Inactivation of the calcium sensing receptor inhibits E-cadherin-mediated cell-cell adhesion and calcium-induced differentiation in human epidermal keratinocytes

Abstract

Extracellular Ca2+ (Ca2+o) is a critical regulator that promotes differentiation in epidermal keratinocytes. The calcium sensing receptor (CaR) is essential for mediating Ca2+ signaling during Ca2+o-induced differentiation.
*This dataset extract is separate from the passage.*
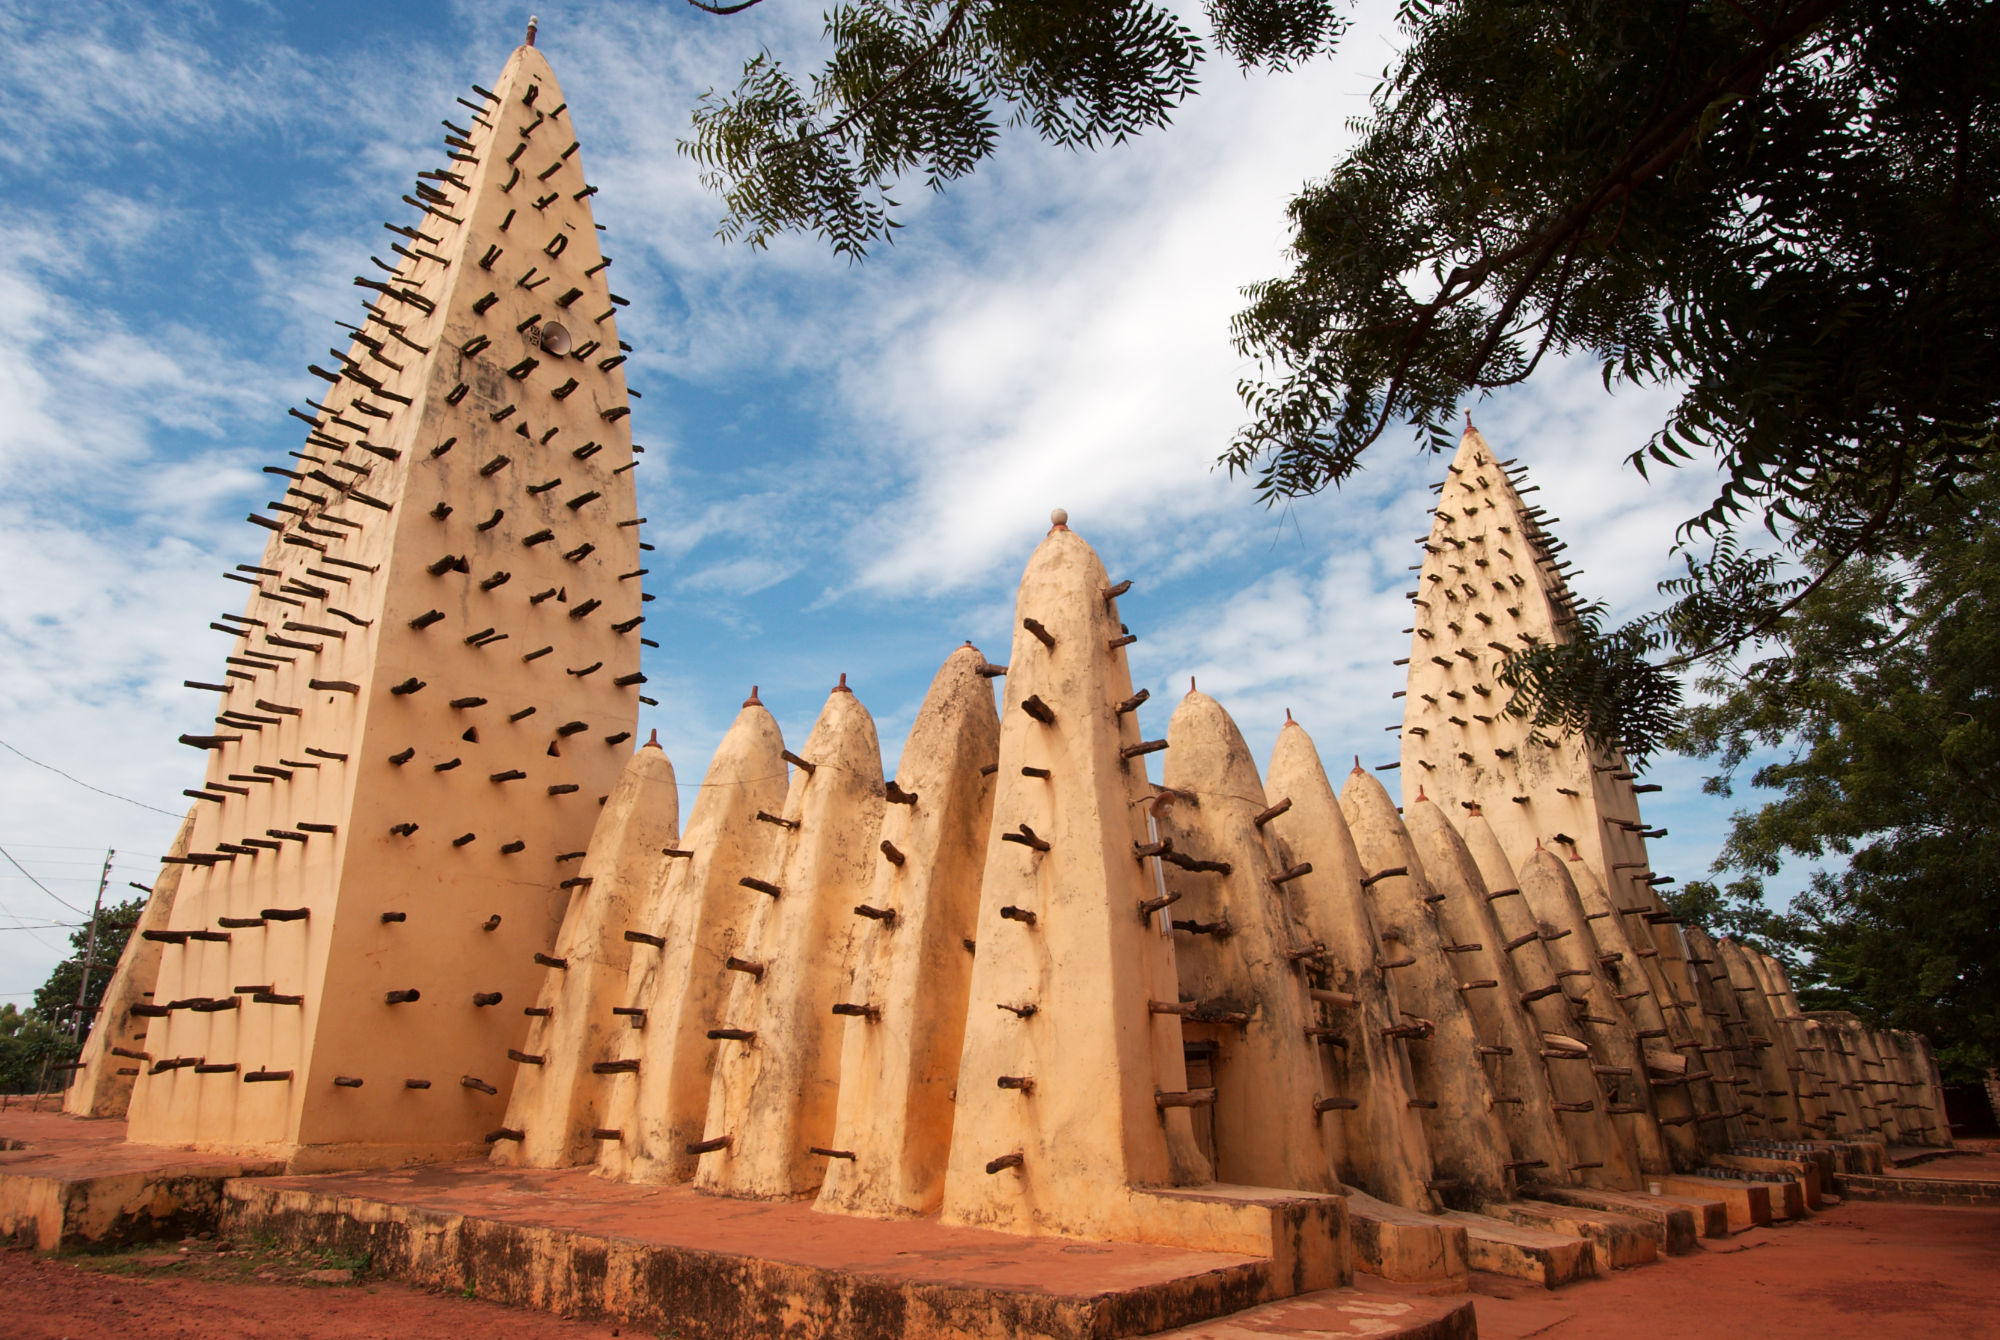 Moschea di Bobo Dioulasso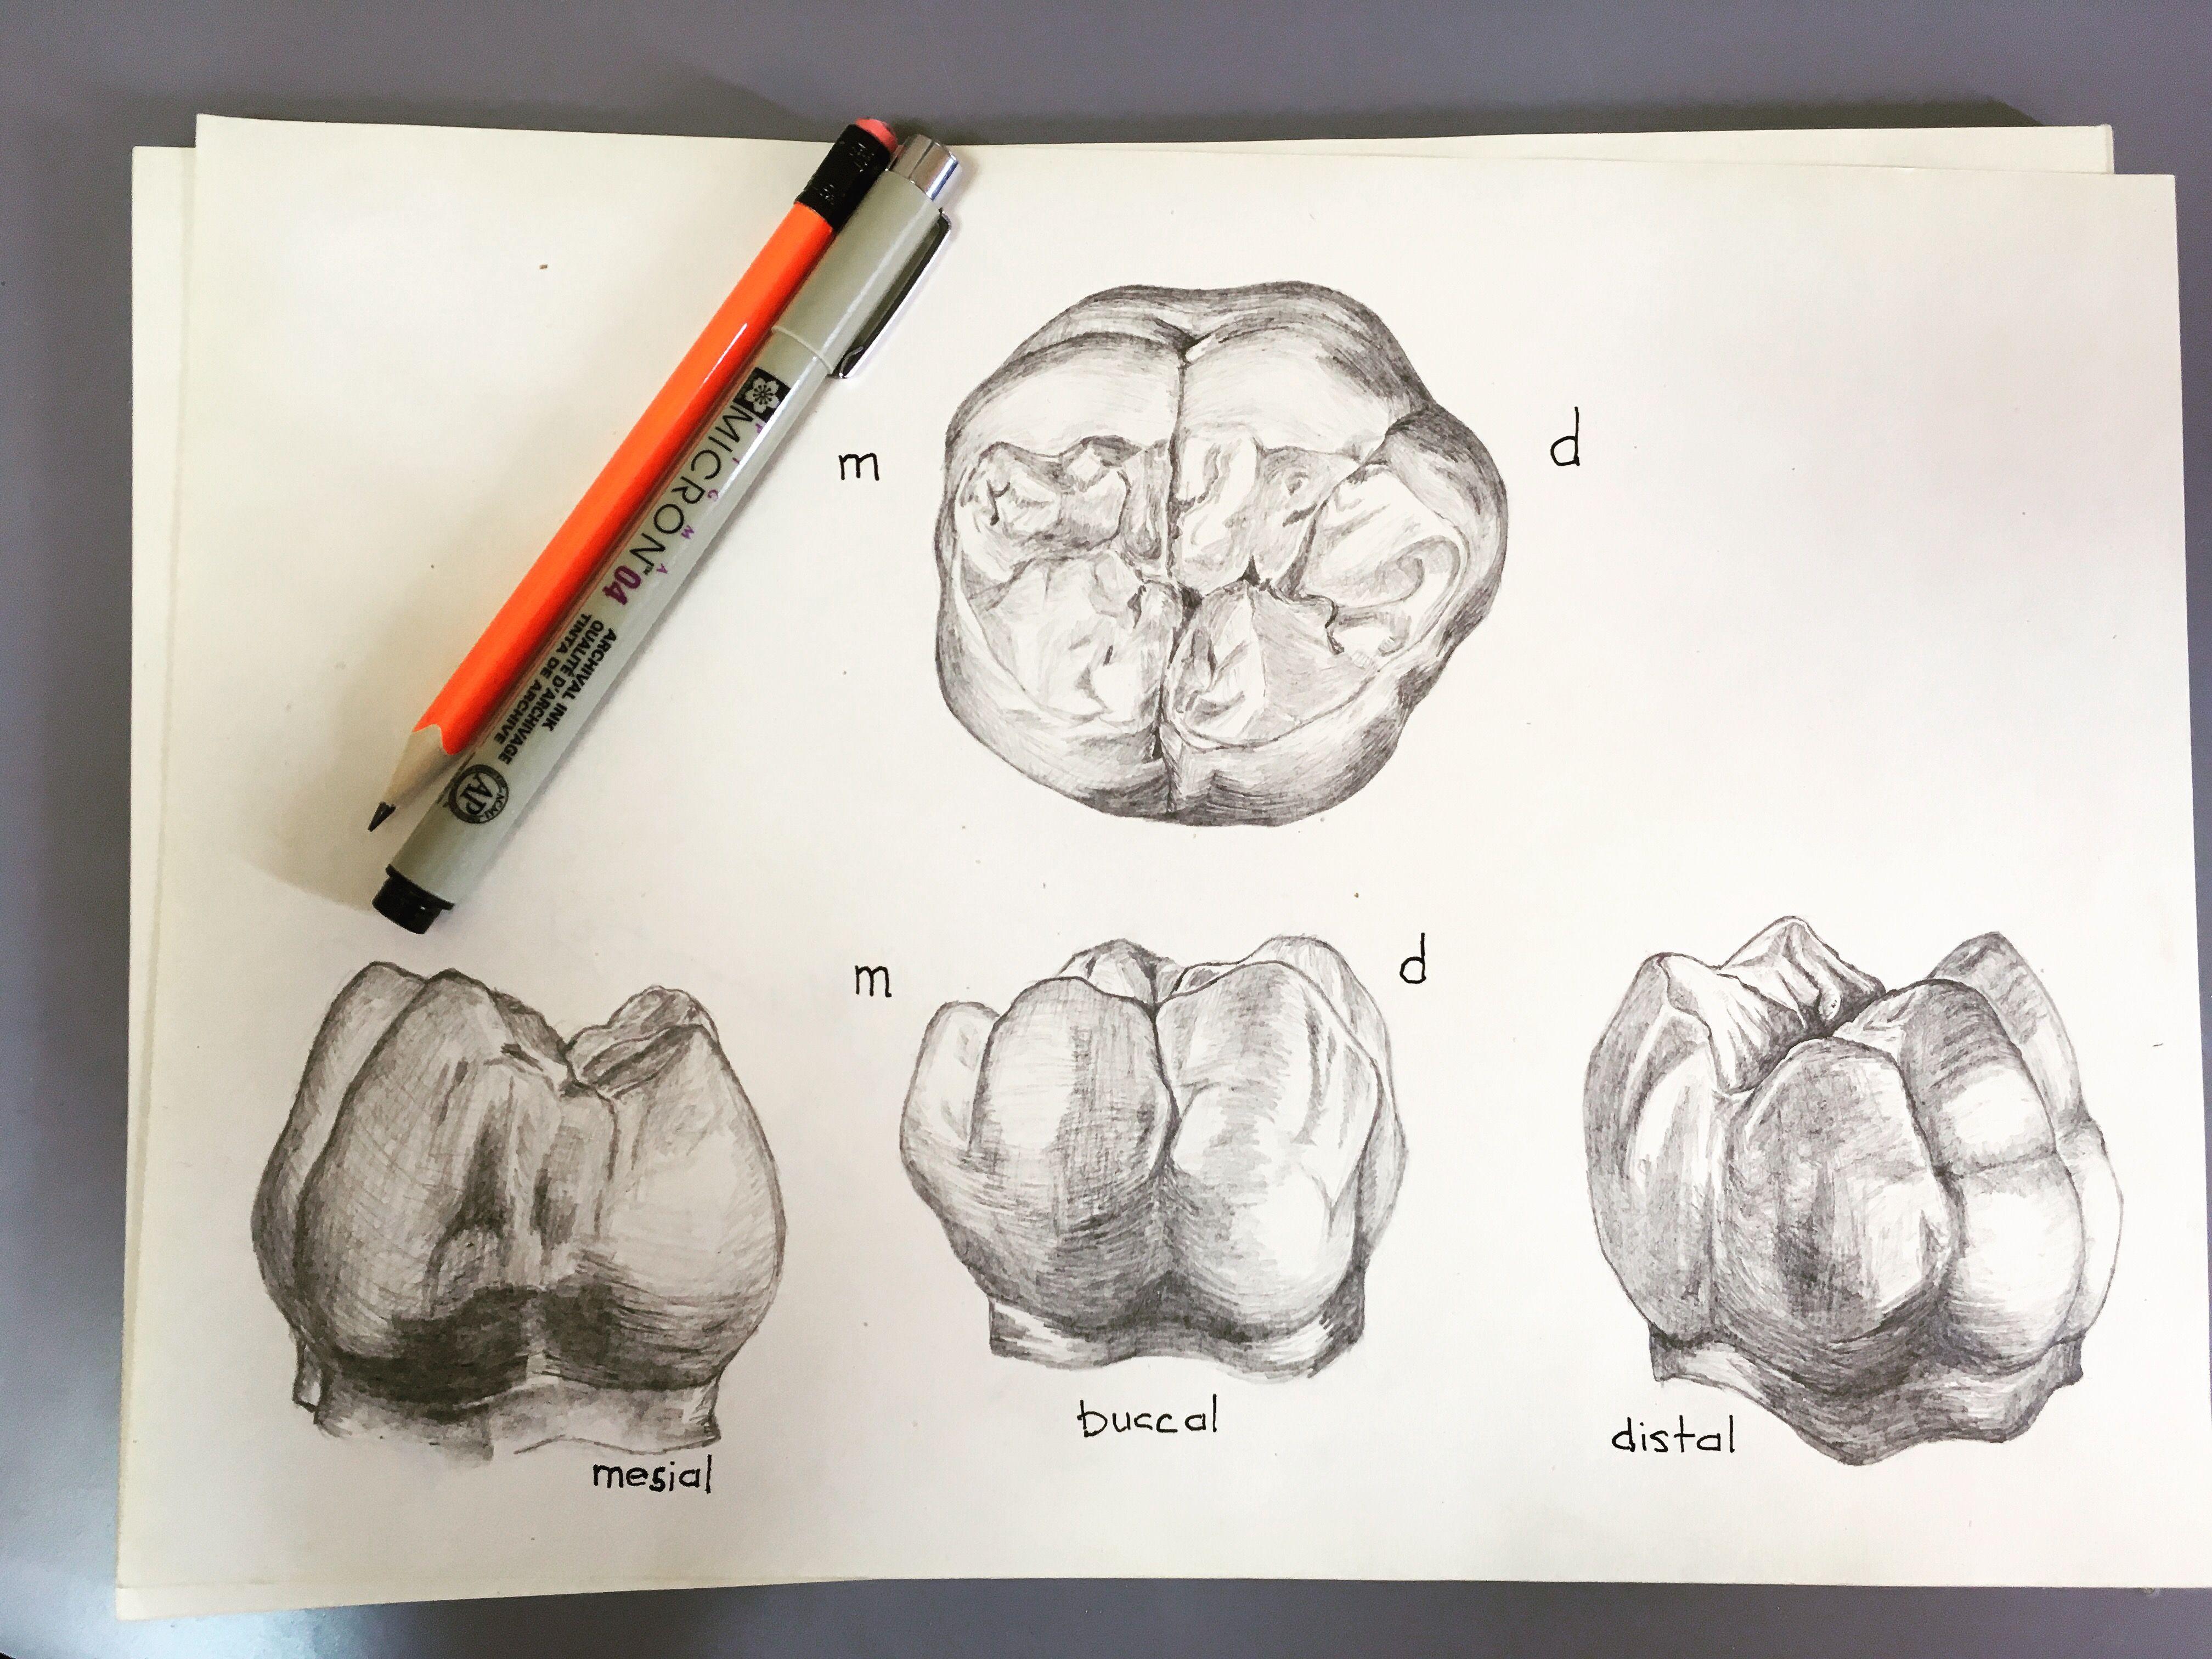 Pin de Piter en Стоматология | Pinterest | Odontología, Dental y Dientes

Inactivation of the endogenous CaR-encoding gene CASR by adenoviral expression of a CaR antisense cDNA inhibited the Ca2+o-induced increase in intracellular free calcium (Ca2+i) and expression of terminal differentiation genes, while promoting apoptosis. Ca2+o also instigates E-cadherin-mediated cell-cell adhesion, which plays a critical role in orchestrating cellular signals mediating cell survival and differentiation. Raising Ca2+o concentration ([Ca 2+]o) from 0.03 to 2 mM rapidly induced the co-localization of α-, β-, and p120-catenin with E-cadherin in the intercellular adherens junctions (AJs). To assess whether CaR is required for the Ca2+o-induced activation of E-cadherin signaling, we examined the impact of CaR inactivation on AJ formation. Decreased CaR expression suppressed the Ca2+o-induced AJ formation, membrane translocation, and the complex formation of E-cadherin, catenins, and the phosphatidylinositol 3-kinase (PI3K), although the expression of these proteins was not affected. The assembly of the E-cadherin-catenin-PI3K complex was sensitive to the pharmacologic inhibition of Src family tyrosine kinases but was not affected by inhibition of Ca2+o-induced rise in Ca2+i. Inhibition of CaR expression blocked the Ca 2+o-induced tyrosine phosphorylation of β-, γ-, and p120-catenin, PI3K, and the tyrosine kinase Fyn and the association of Fyn with E-cadherin and PI3K. Our results indicate that the CaR regulates cell survival and Ca2+o-induced differentiation in keratinocytes at least in part by activating the E-cadherin/PI3K pathway through a Src family tyrosine kinase-mediated signaling.